Q. How would you describe your professional journey so far? What are your future plans?

Eventful. That’s how I will describe my journey in the profession. 

Over two decades back, I remember wondering if I could ever buy a chamber in the civil side of Tis Hazari Courts. Today, we have offices in India and abroad. In all honesty, I can’t attribute whatever little success I’ve had in the profession to hard work or dedication. I think the most important thing to succeed in this profession apart from an immense amount of luck is persistence, tenacious resolve and ‘a never say die spirit’. There are so many things beyond our control or power, beyond hard work and preparedness. Make no mistake — all this is vital, your hard work, your preparation, your being ready when opportunity knocks; remember — Victory Loves Preparation. But what’s most important is to stick around, to be there, to not give up, to get up when you’ve fallen, get your game face on, and be ready for the next battle. 

I believe that the profession has given me a lot, and it is time for me to give back. I have always been interested in doing pro bono work and have been representing the marginalized, the underdogs, and many NGOs that represent issues that need advocacy but unfortunately are not highlighted in mainstream media, probably because they are not TRP worthy. We as a firm plan to increase our pro bono practice and fight for issues pertaining to environmental laws, agriculture, the marginalized section of the society that we have already been doing. I have been fortunate to be invited to various forums and television channels for the work that we have done.

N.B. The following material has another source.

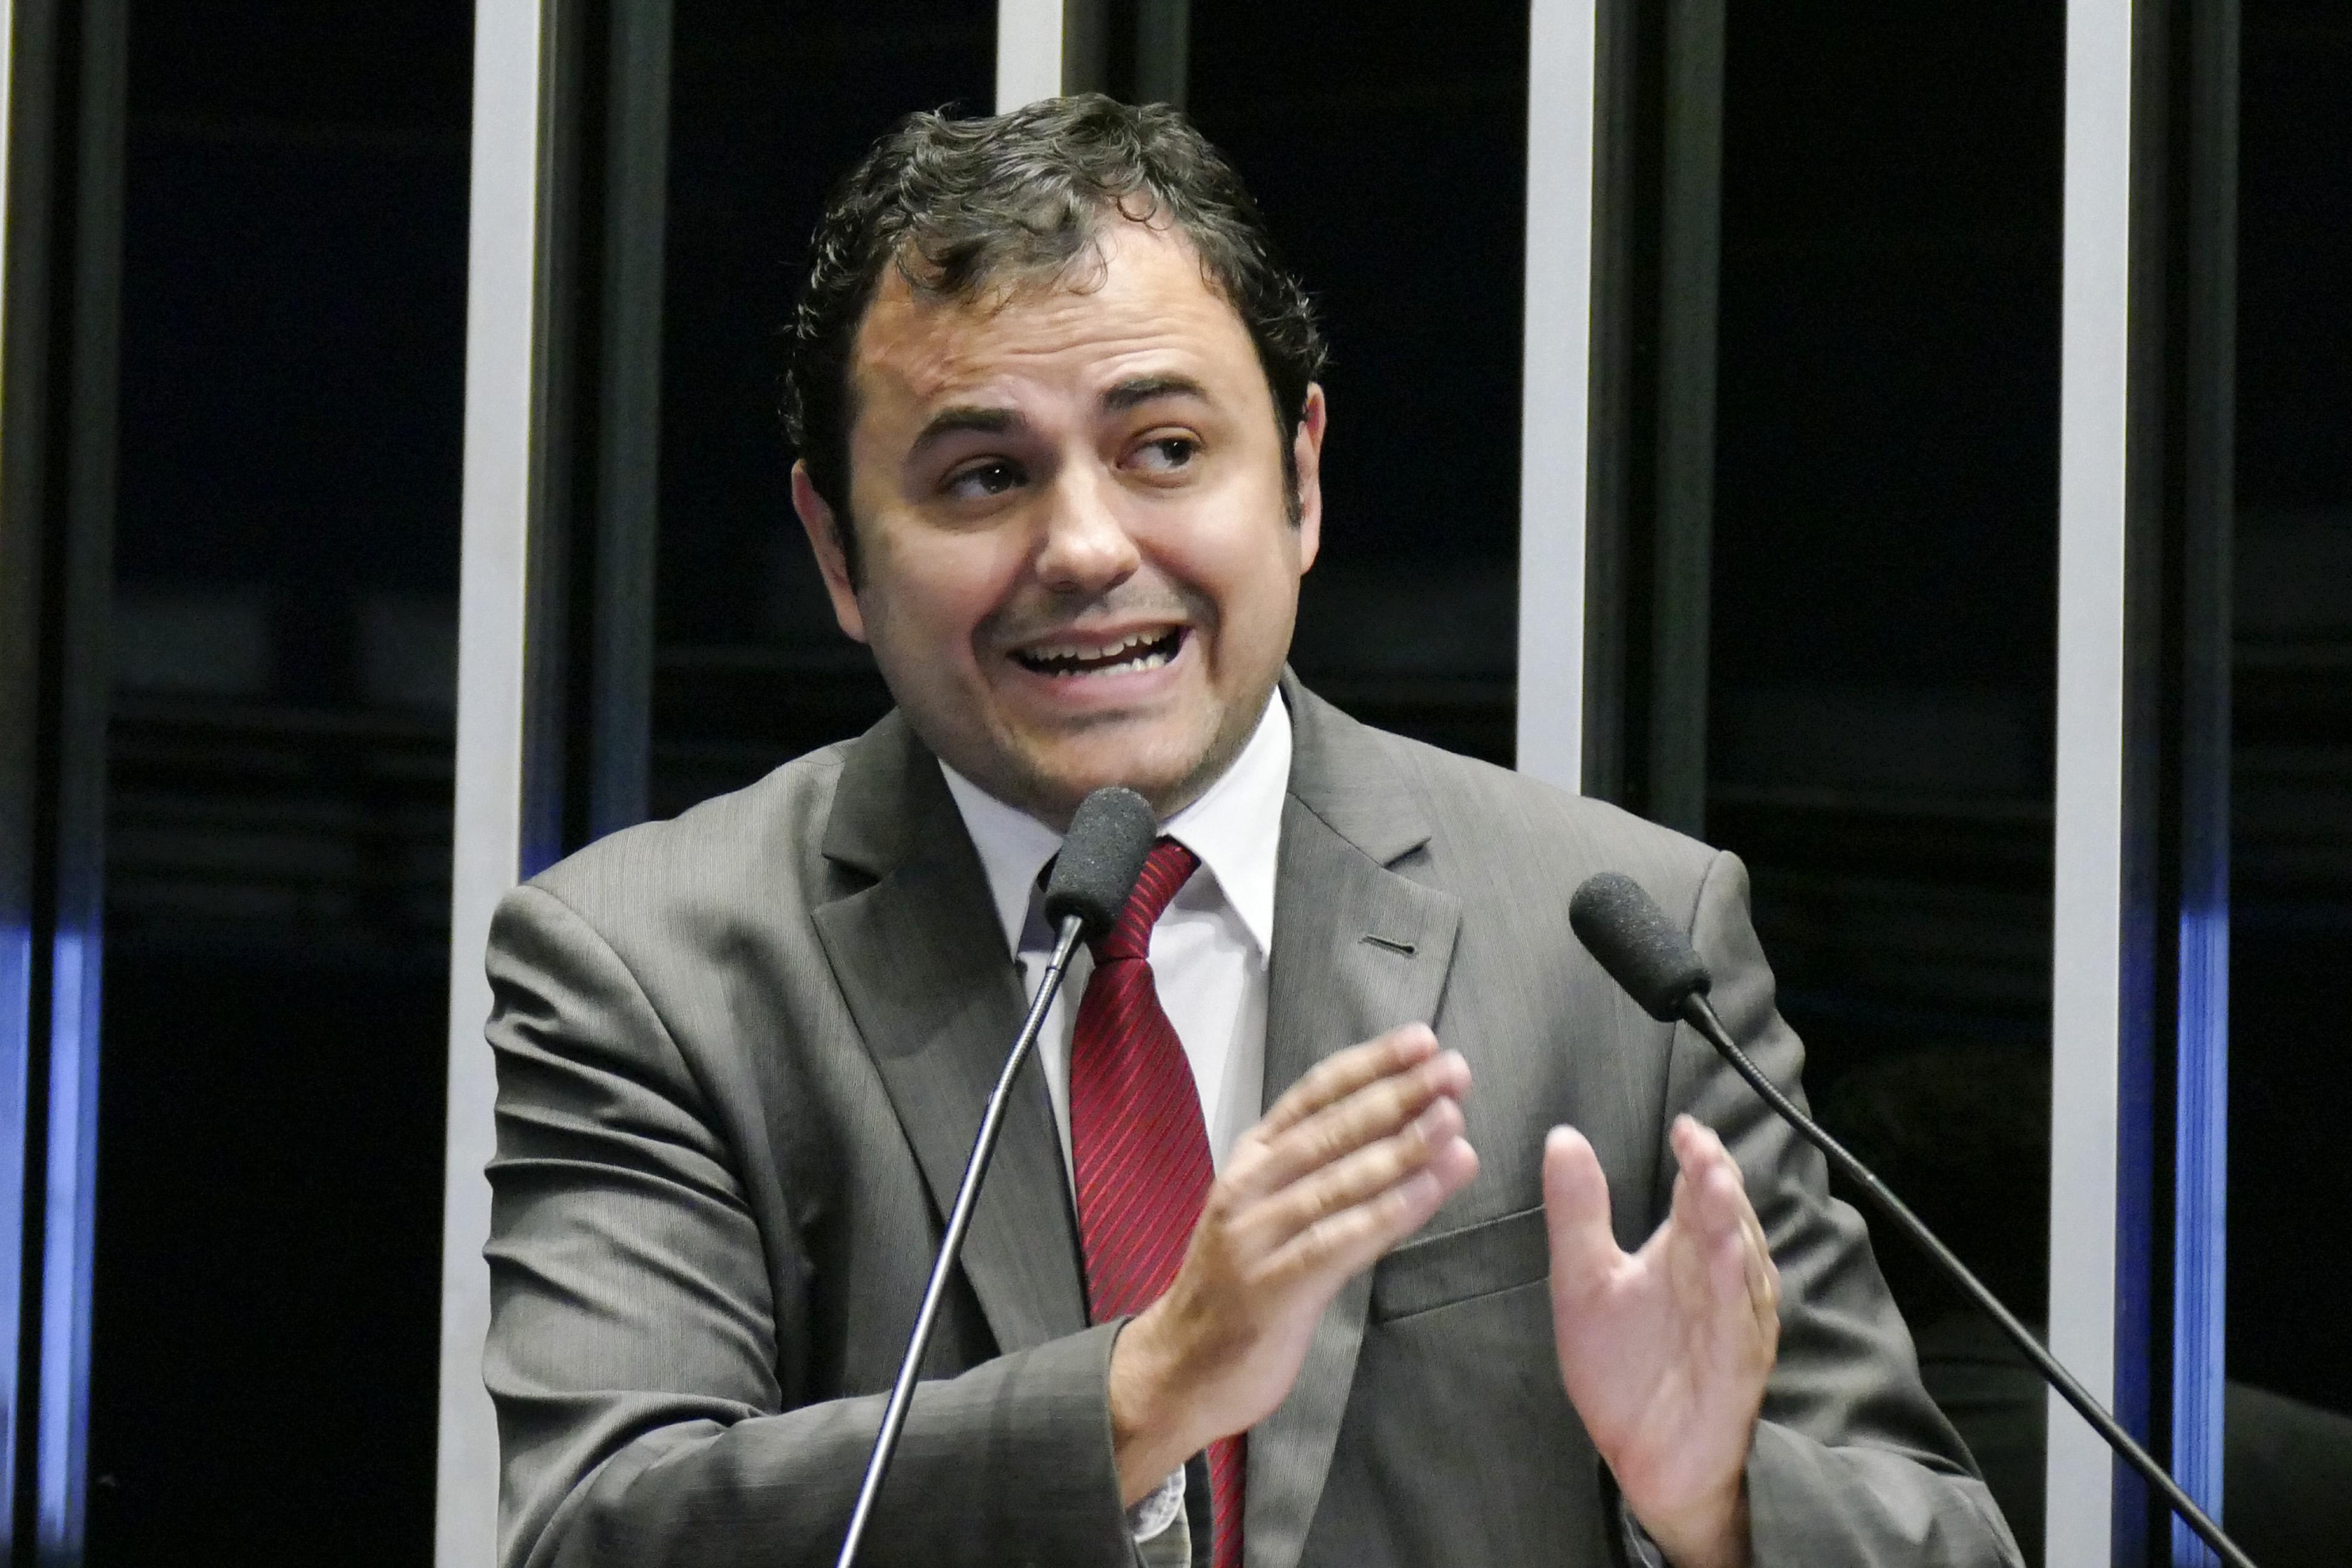 IMAGEM: Psolista que chamou Moro de 'ladrão' quer presidir o Brasil

I have, and plan to use my presence in the media space to bring to fore important issues that affect us but are not spoken about. 

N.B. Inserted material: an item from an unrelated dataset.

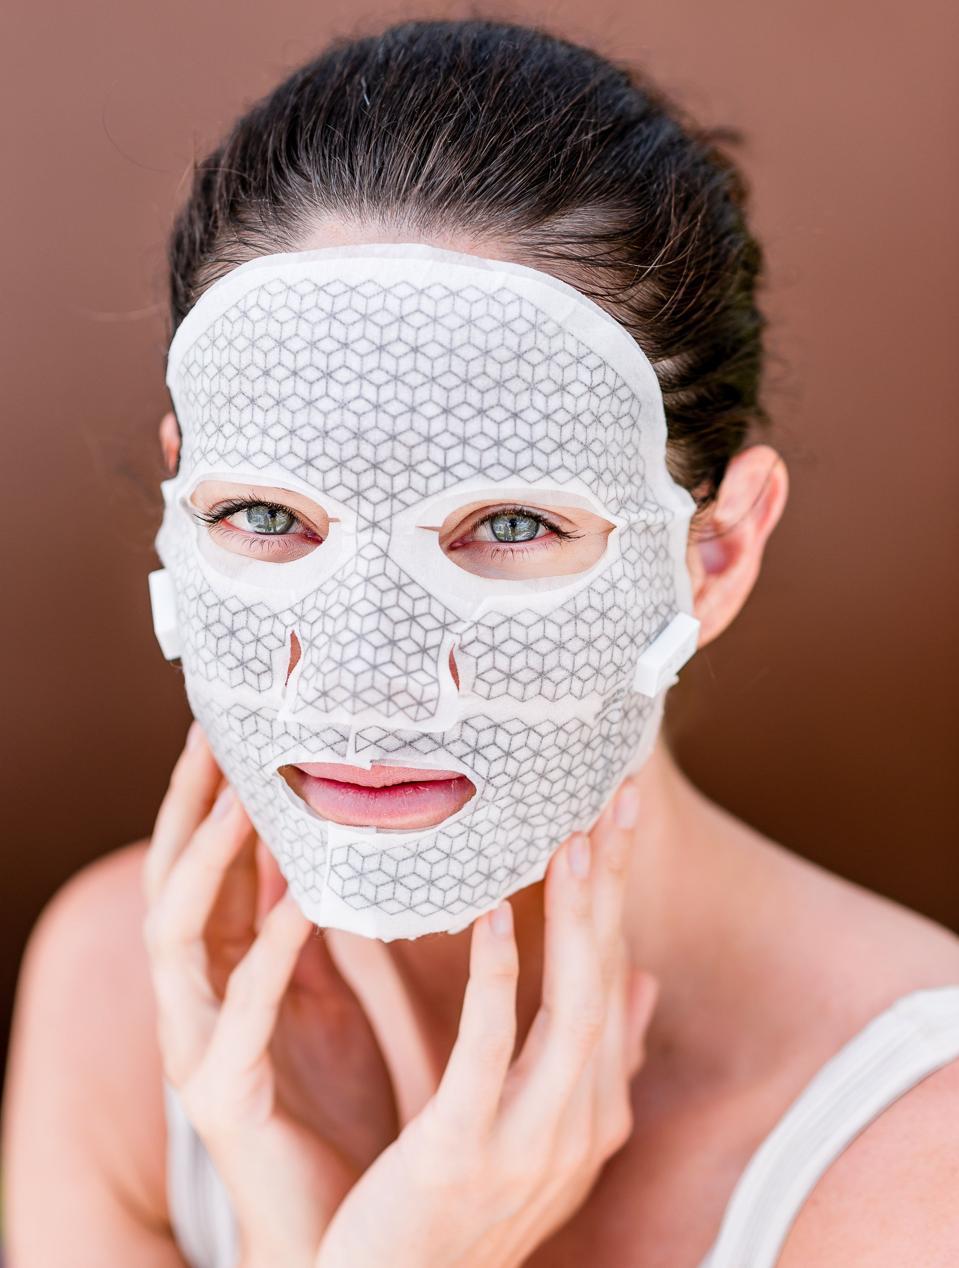 Franz Skincare Premium Microcurrent Facial Dual Mask

We were fortunate to represent a vast number of Oriya tribals in issues pertaining to mining and their rights in the Hon’ble NCLAT. We have also successfully got directions from the Hon’ble Court to get vehicles with CNG retro fitment registered in Delhi and further get the entire system online to reduce corruption and Inspector Raj. As lawyers, we are now seeking directions from NGT to ensure proper disposal and scrapping of vehicles which have reached the end of life, as we have noticed that improper disposal and scrapping of these end-of-life vehicles causes even more pollution, and poisons the soil and water. Beyond this, as a spokesperson, I have been currently advocating changes in CrPC and Criminal Procedure so it is more in tune with the facts and realities of today. You cannot get justice in a badly investigated matter or in a matter where the investigation is tainted. 

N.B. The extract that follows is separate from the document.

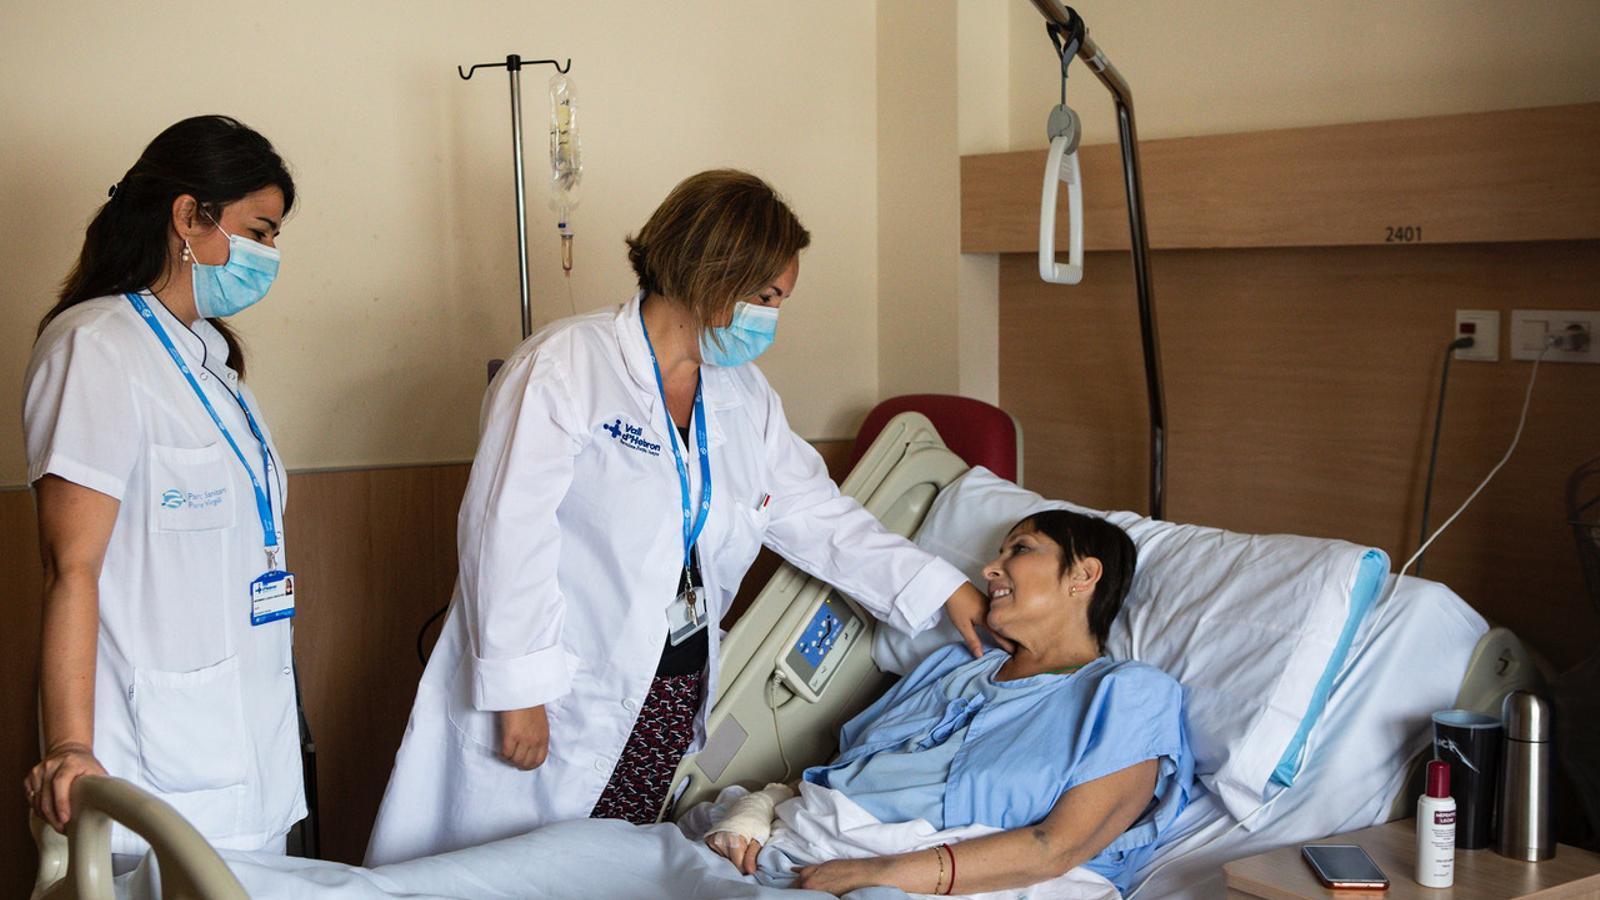 Al centre la doctora Patricia Gómez, coordinadora de la unitat, parlant amb una pacient

We hope to reduce the pendency in Courts not by increasing the infrastructure or making laws stricter for the accused, but by policing the policeman and making them responsible for a fair, scientific and impartial investigation, honest disclosure of all evidences and sensitizing them to have empathy to the complainant, accused and society at large. Trust me, we probably have one of the best judicial systems, but we have to clean the stream that feeds it with evidence. Similarly, on the civil side, I have extensively spoken about getting the procedural aspect and administration of the cases/ suits out of the day-to-day appearances in the physical Court leaving the Court and the judge to import justice, because that is the true duty of the Judge. And the lockdown has taught us that this is possible.